The prolific architectural critic and journalist Paul Goldberger will discuss highlights from two collections of his essays released this fall by Monacelli and Yale University Press. Building Up and Tearing Down brings together more than fifty essays, from Goldberger's writings for the New Yorker, Metropolis, The New York Times, and other publications that range across architectural and urban issues from Havana to Beijing to Bilbao, Chicago to Las Vegas, and beyond. Dissecting projects from skyscrapers by Norman Foster and museums by Tadao Ando to airports, monuments, suburban shopping malls, and white-brick apartment houses, these essays cover a comprehensive account of the best --and the worst-- of the "age of architecture."

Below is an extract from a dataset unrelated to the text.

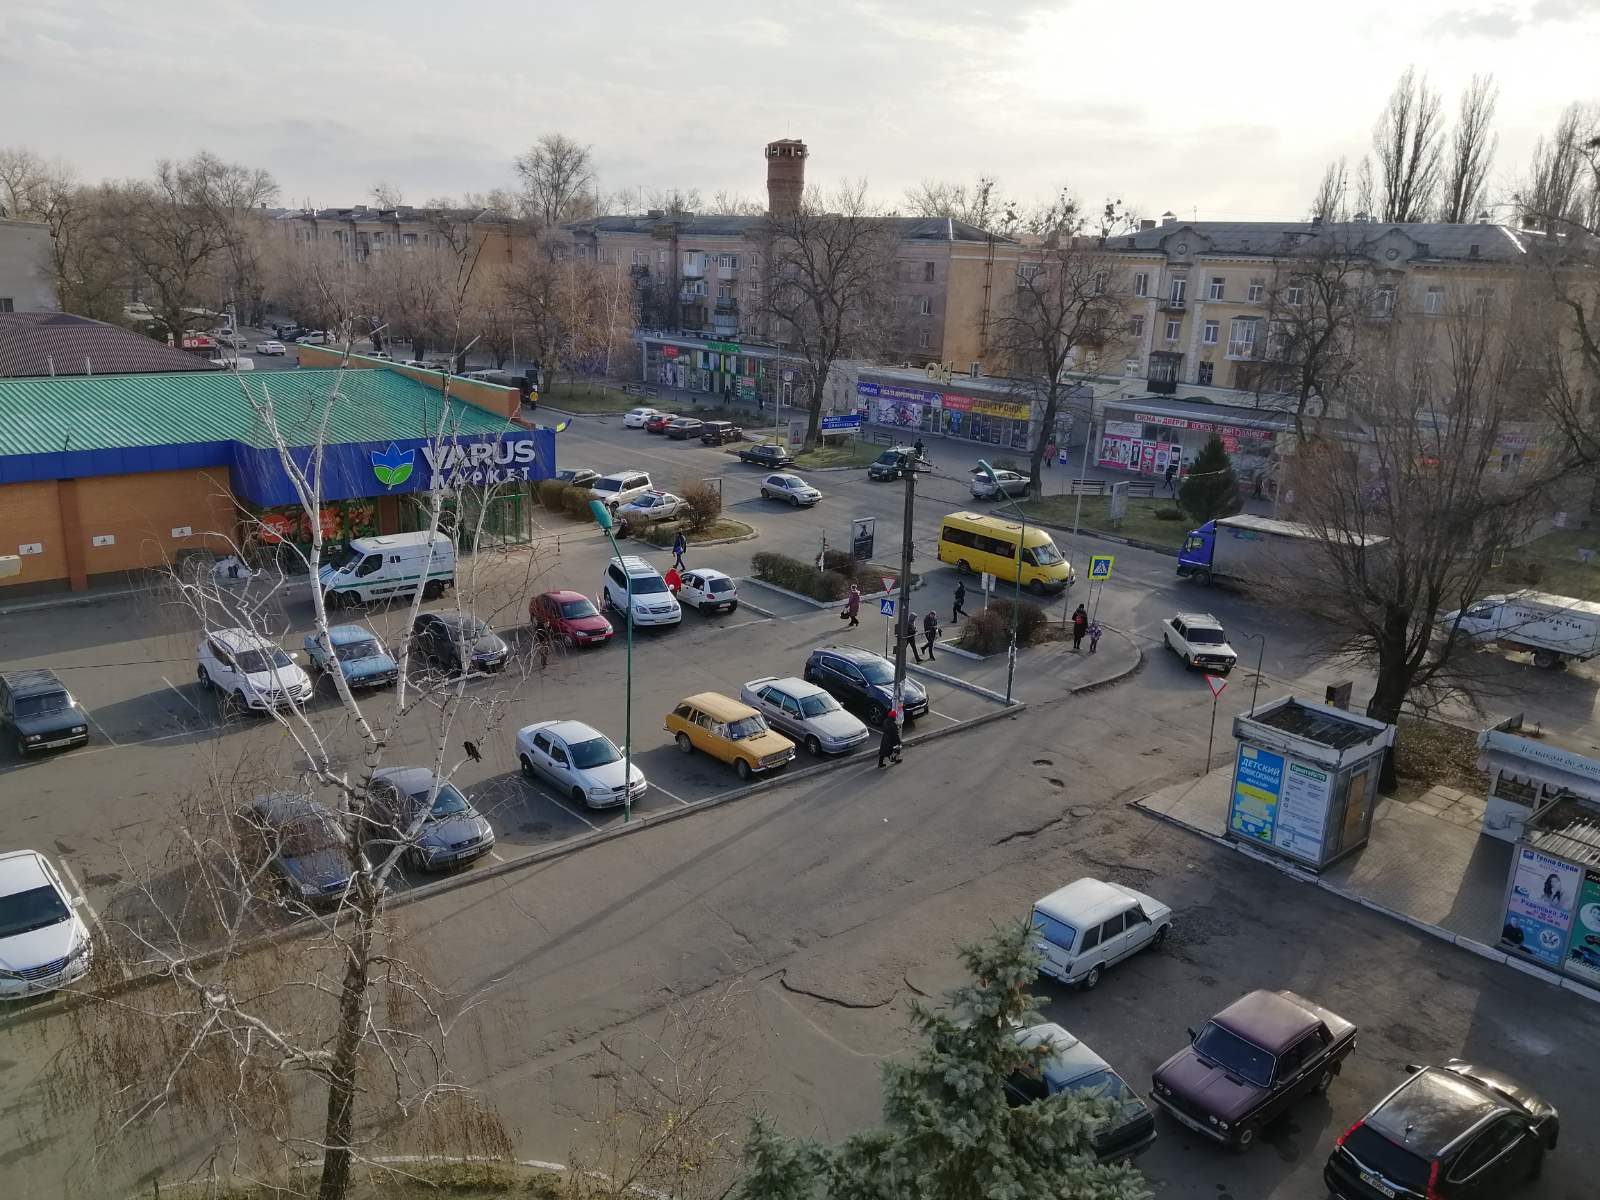 26 ноября, утром охранник супермаркета «Варус», который находится на ул. Сучкова в Новомосковске, поднял тревогу. Новости Днепра

In Why Architecture Matters, Paul Goldberger examines "how things feel to us when we stand before them, with how architecture affects us emotionally as well as intellectually." In examples ranging from a small Cape Cod cottage, the Prairie houses of Frank Lloyd Wright, and the Lincoln Memorial, to Borromini's Church of Sant'Ivo in Rome, Goldberger raises the awareness of fundamentals --proportion, scale, space, texture, materials, shapes, light, and memory --engaging the reader to learn a new way of seeing and experiencing the built world.
Paul Goldberger is the architecture critic for The New Yorker, where since 1997 he has written the magazine's celebrated "Sky Line" column. He holds the Joseph Urban Chair in Design and Architecture at The New School in Manhattan. He began his career at The New York Times, where in 1984, he received the Pulitzer Prize for Distinguished Criticism.